(WORK INSTRUCTIONS):
Everything in the listing below has to be repeated exactly, except the pictures.
::::
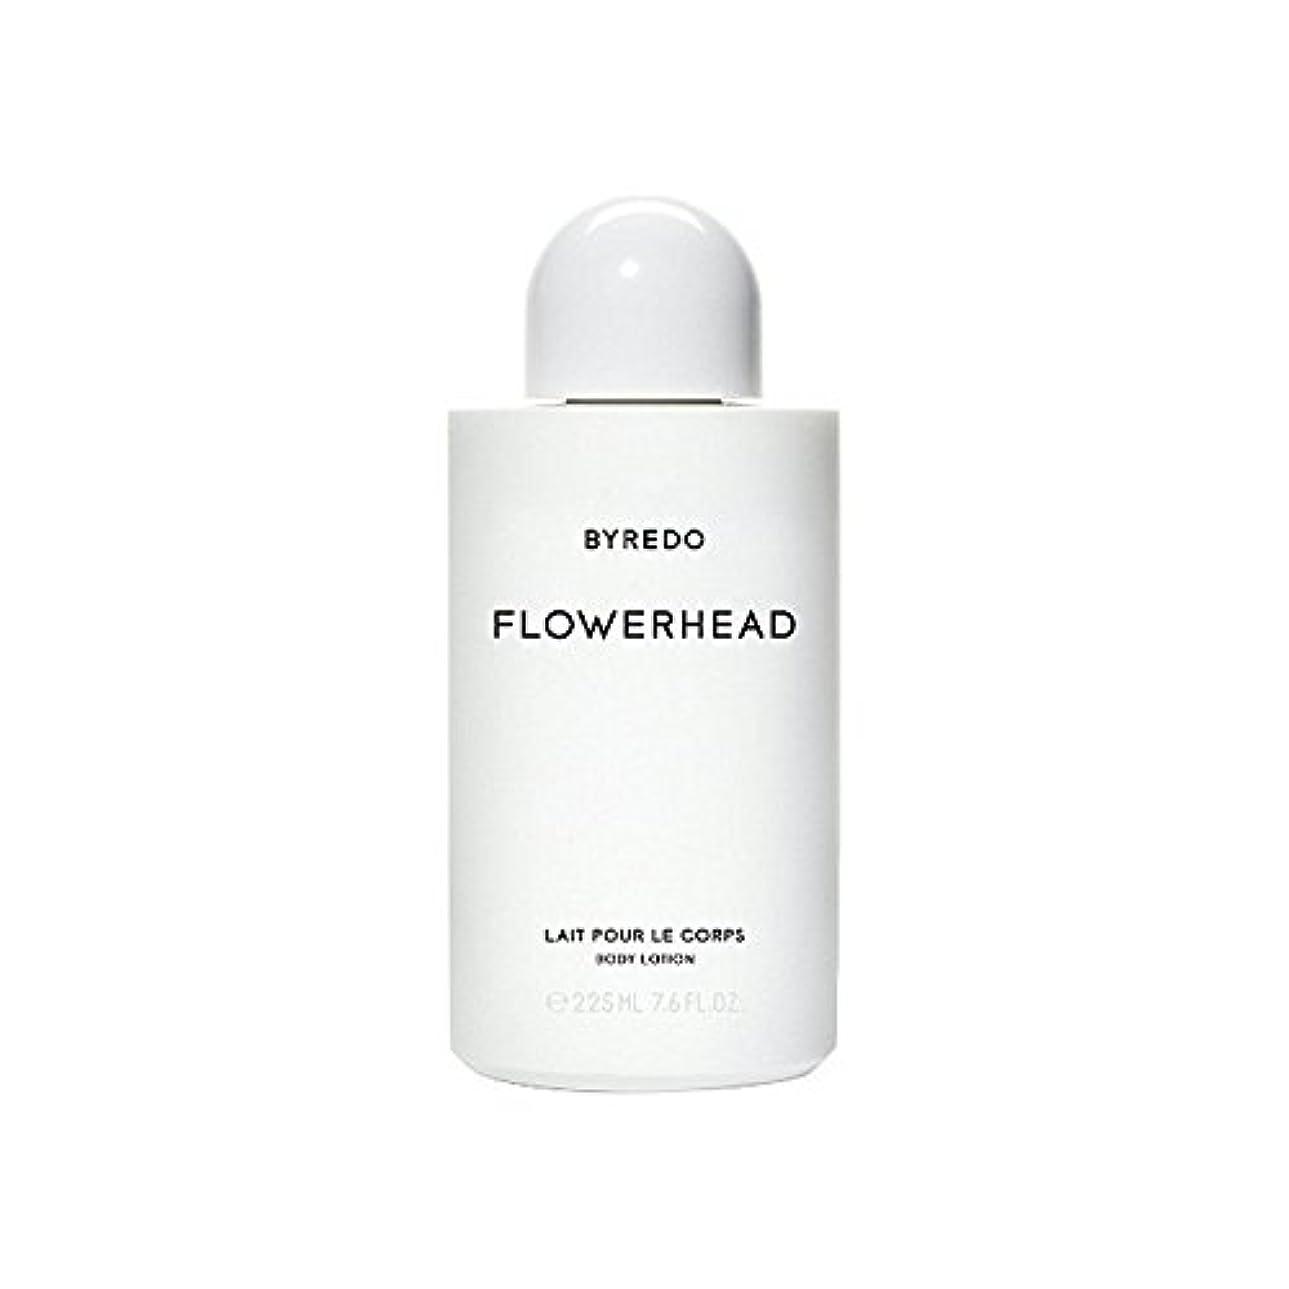 高価な肯定的動物Byredo Flowerhead Body Lotion 225ml - ボディローション225ミリリットル [並行輸入品]
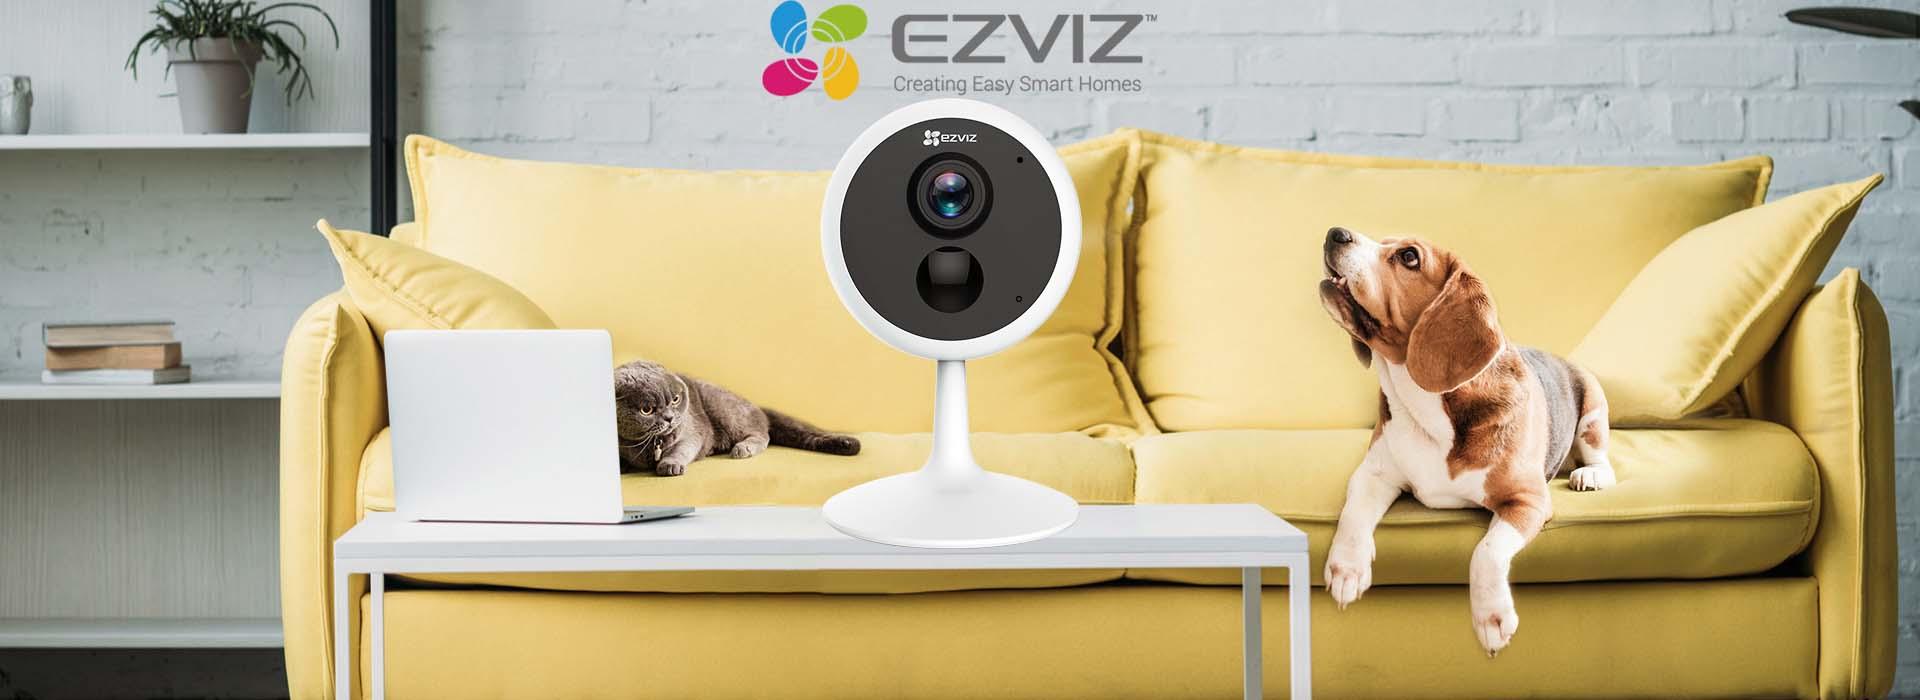 Системы видеонаблюдения EZVIZ
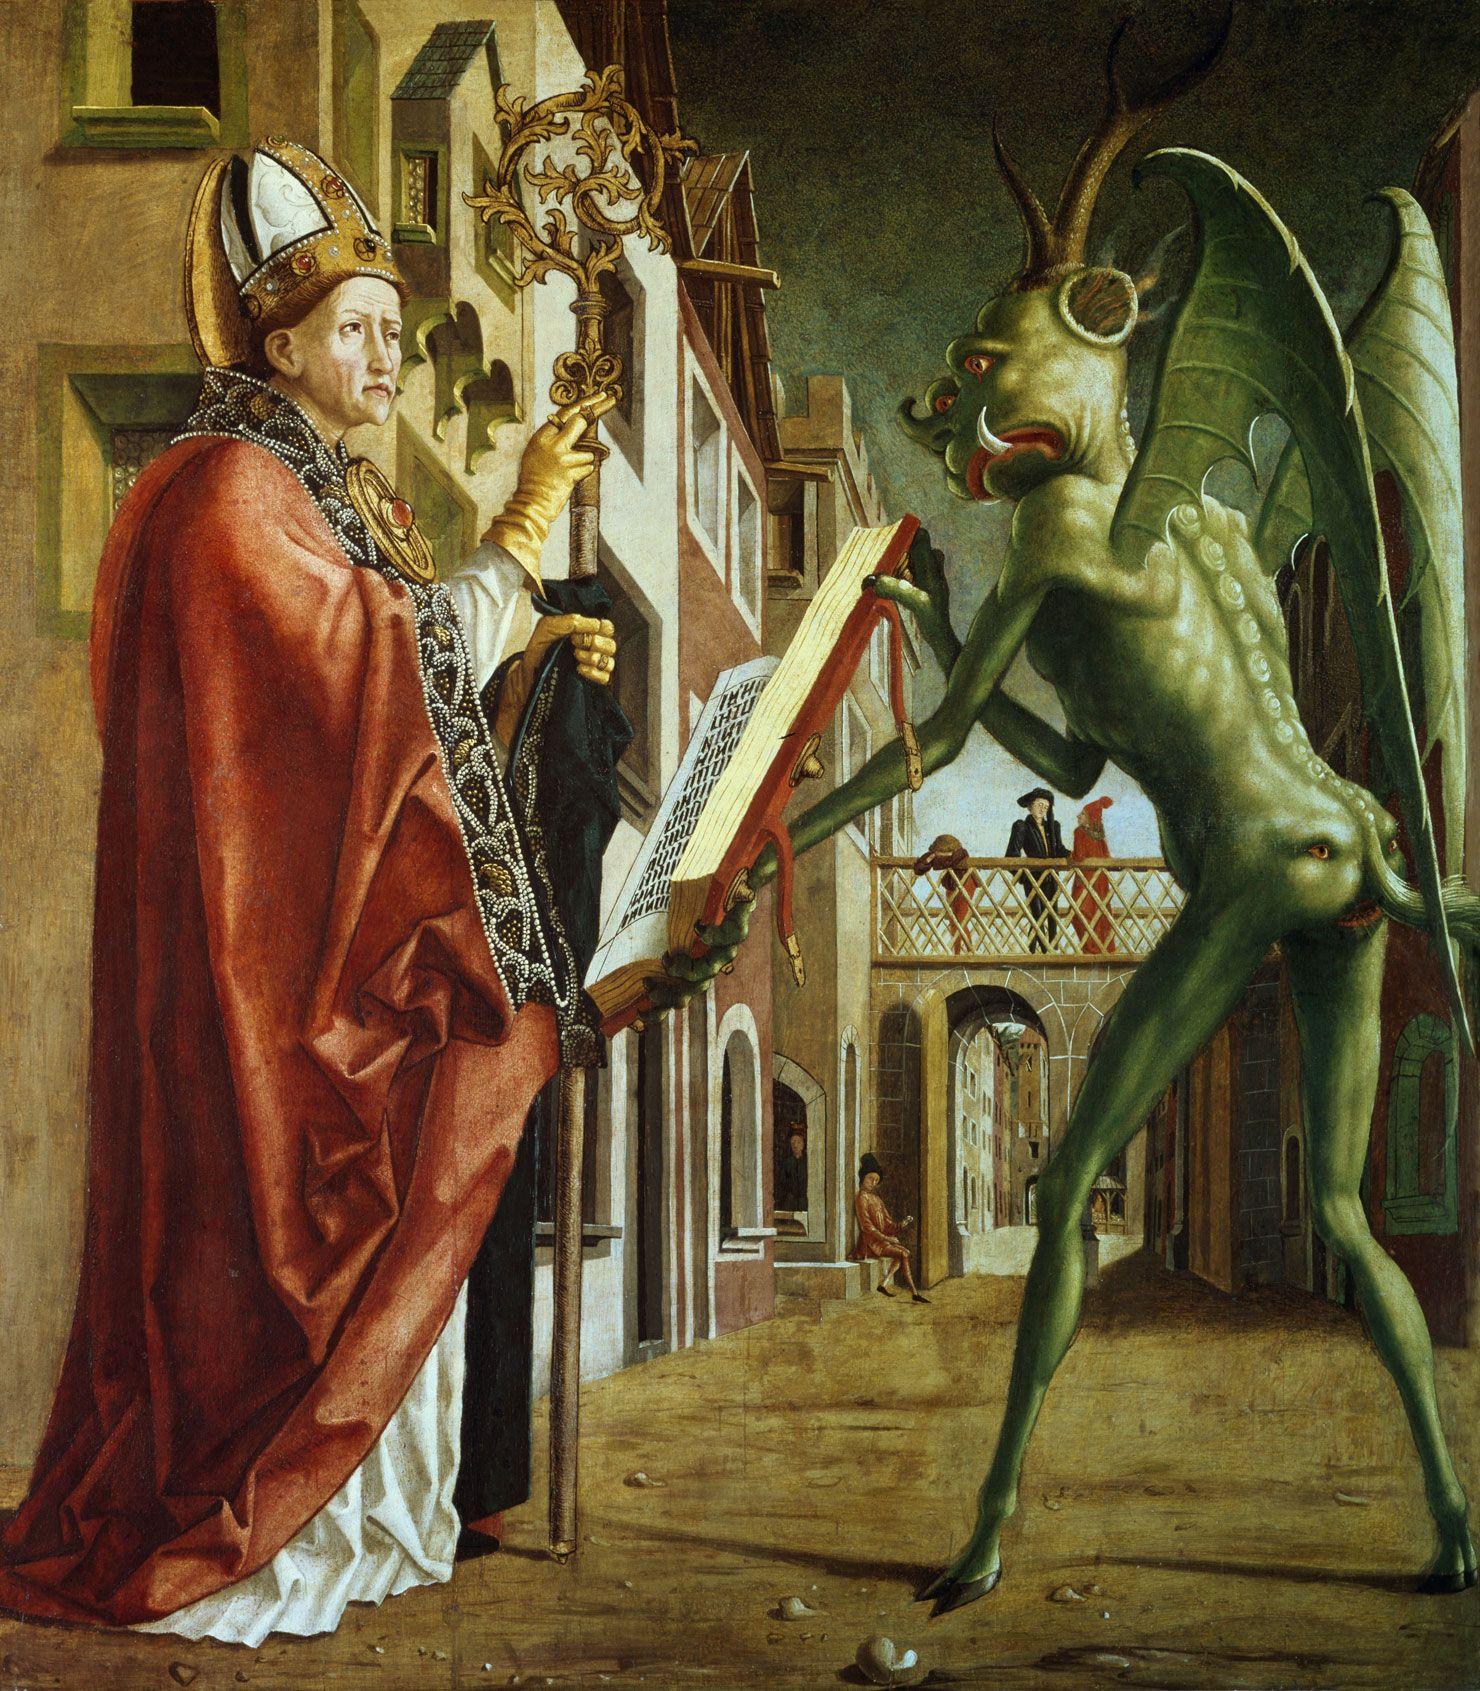 1490年、油彩、103×91cm アルテ・ピナコテーク ©ユニフォトプレス
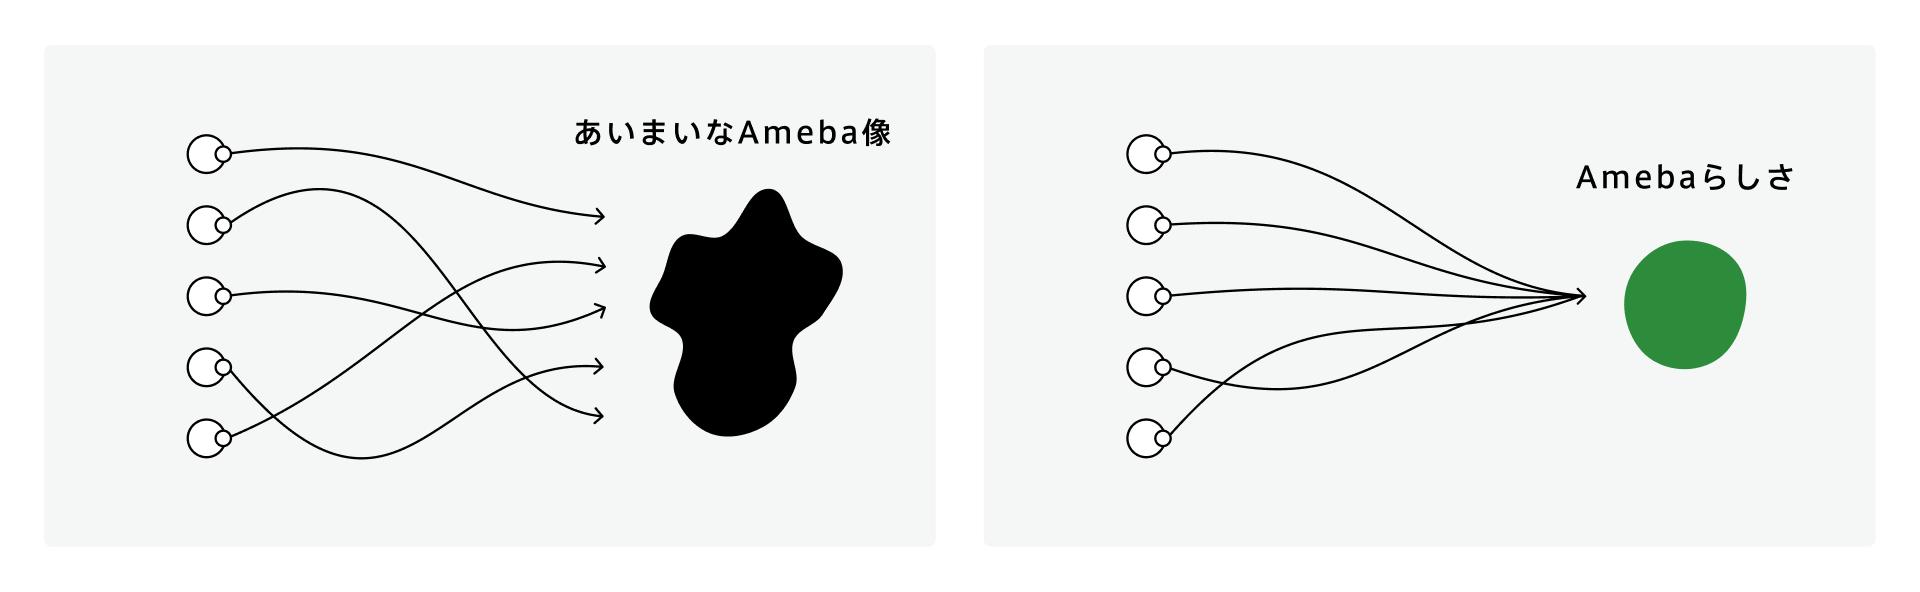 従業員がAmebaのイメージをあいまいに捉えている場合と、Amebaらしさを定めてみんながそれに向かうイメージ図
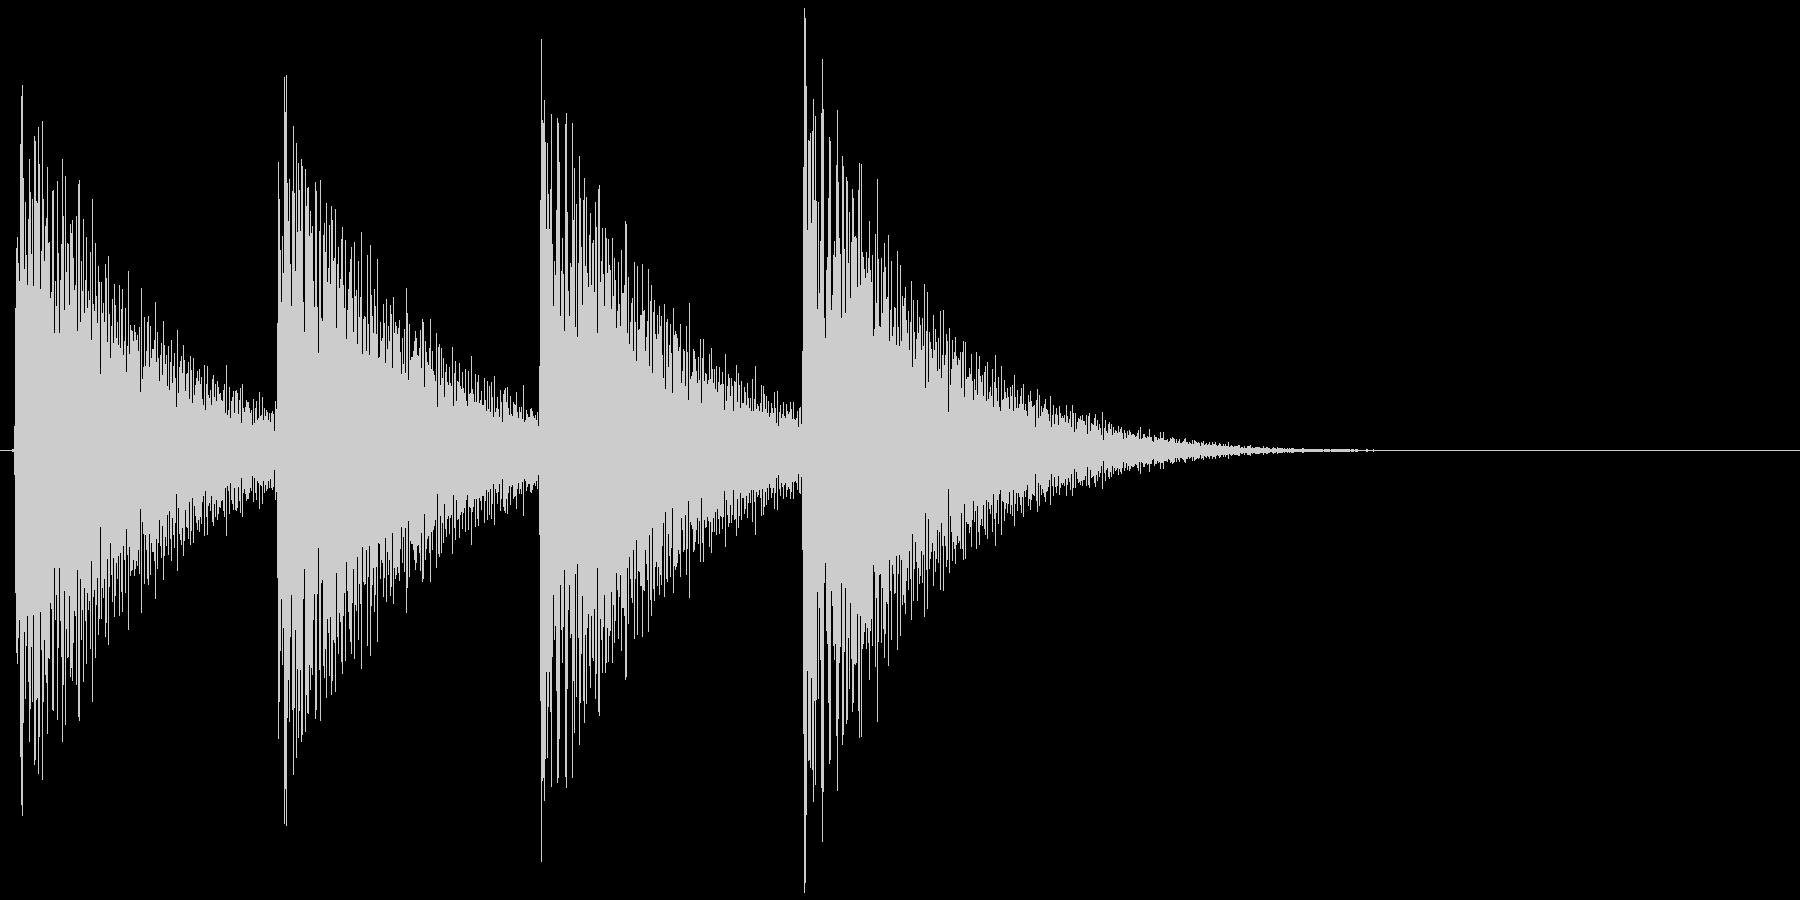 ギュインギュイン...(アラート、危険)の未再生の波形
::::
(ANSWER BOX):
 高価な肯定的動物Byredo Flowerhead Body Lotion 225ml - ボディローション225ミリリットル [並行輸入品]
 Системы видеонаблюдения EZVIZ
 1490年、油彩、103×91cm アルテ・ピナコテーク ©ユニフォトプレス
 従業員がAmebaのイメージをあいまいに捉えている場合と、Amebaらしさを定めてみんながそれに向かうイメージ図
 ギュインギュイン...(アラート、危険)の未再生の波形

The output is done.